While efforts continue to finalize a peace deal for northern Uganda, and despite a nine month respite from fighting, relief agencies say much work needs to be done in the region. However, resources to do the job are dwindling.
Savio Carvalho is country director for Oxfam GB. From Kampala, he spoke to VOA English to Africa Service reporter Joe De Capua about the humanitarian situation in the north, which he says varies from region to region.
“In some…you have a significant amount of population, which has moved closer to their land. While in other districts, you see very little movement of population. For example, in Kitgum, the numbers and the figures are bleak and very few people have actually moved…so there hasn’t been any large-scale return in the Acholi sub-region. So, there is still a need for an increased level of humanitarian assistance…to the mother camps (for the displaced) where people have not yet moved, but also to find where people have resettled,” he says.

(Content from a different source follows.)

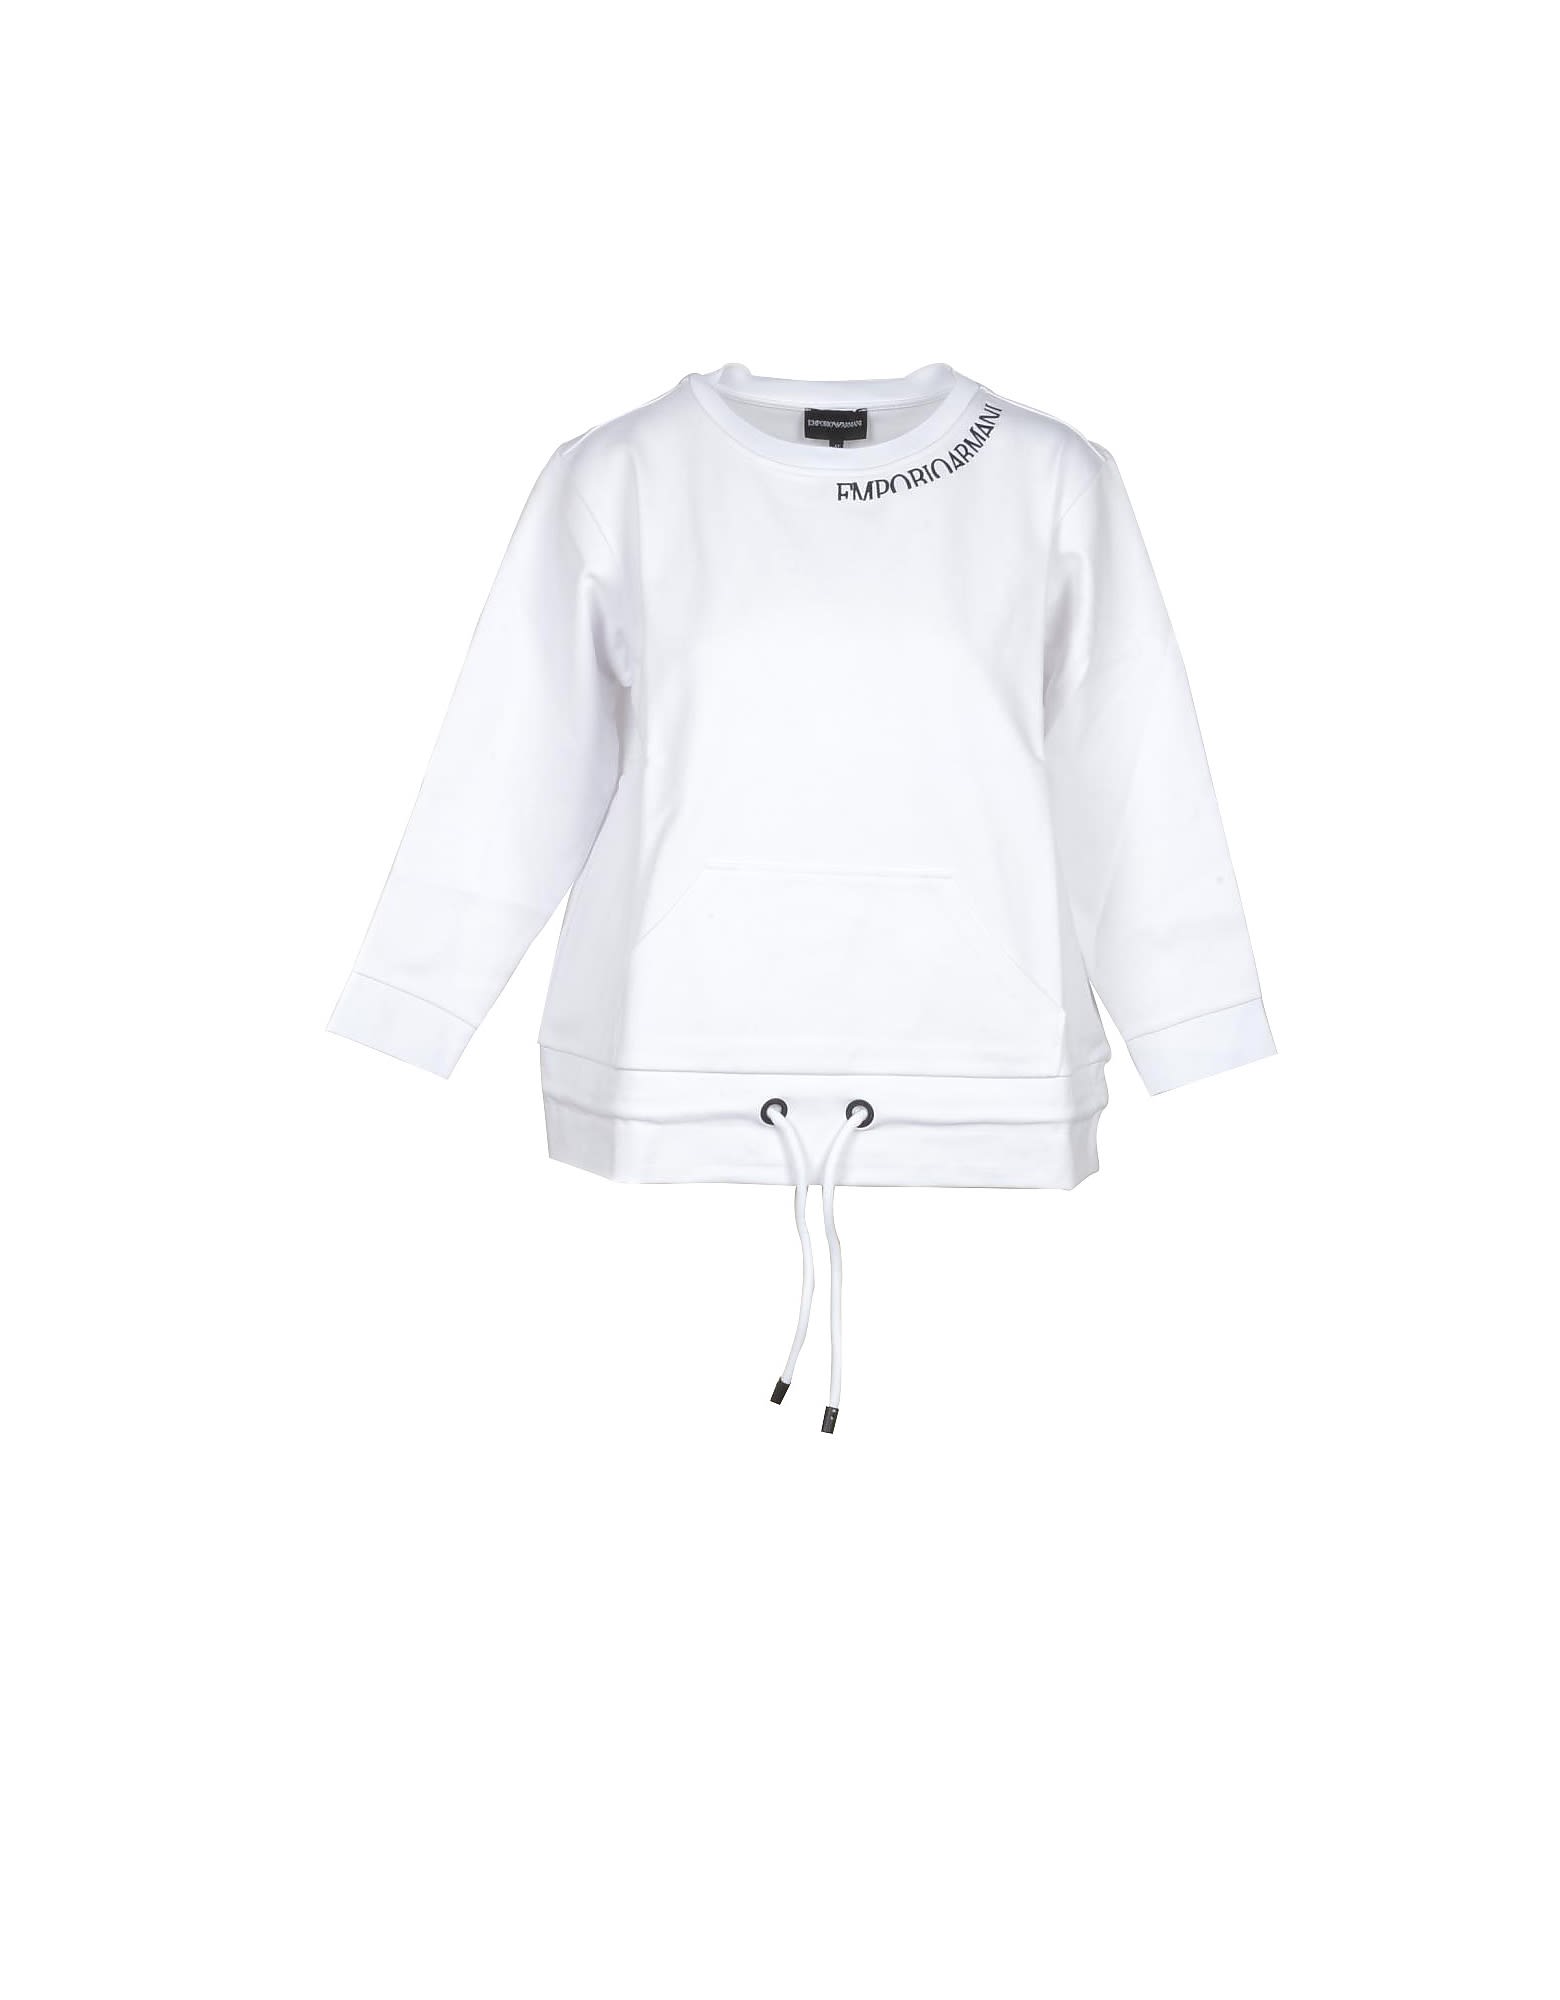 Emporio Armani Womens White Sweatshirt

Asked about the number of displaced at the height of the conflict and how many have returned home, Carvalho says, “There are conflicting figures that are available…but right now out of around 1.6 million or 1.7 million people, about 1.3 (million) still remain in camps.”
He says it has affected OXFAM operations because the agency must provide aid to the camps and the new settlements as well. Carvalho adds that money from donors is growing short. “Unfortunately, donor aid has alarmingly decreased and that has created a concern. And the UN figures speak for themselves. They have got roughly about 50 percent of what they actually wanted and the same goes for a lot of civil society groups,” he says.
The World Food Program, for example, has been forced to cut food rations to displaced people in the north.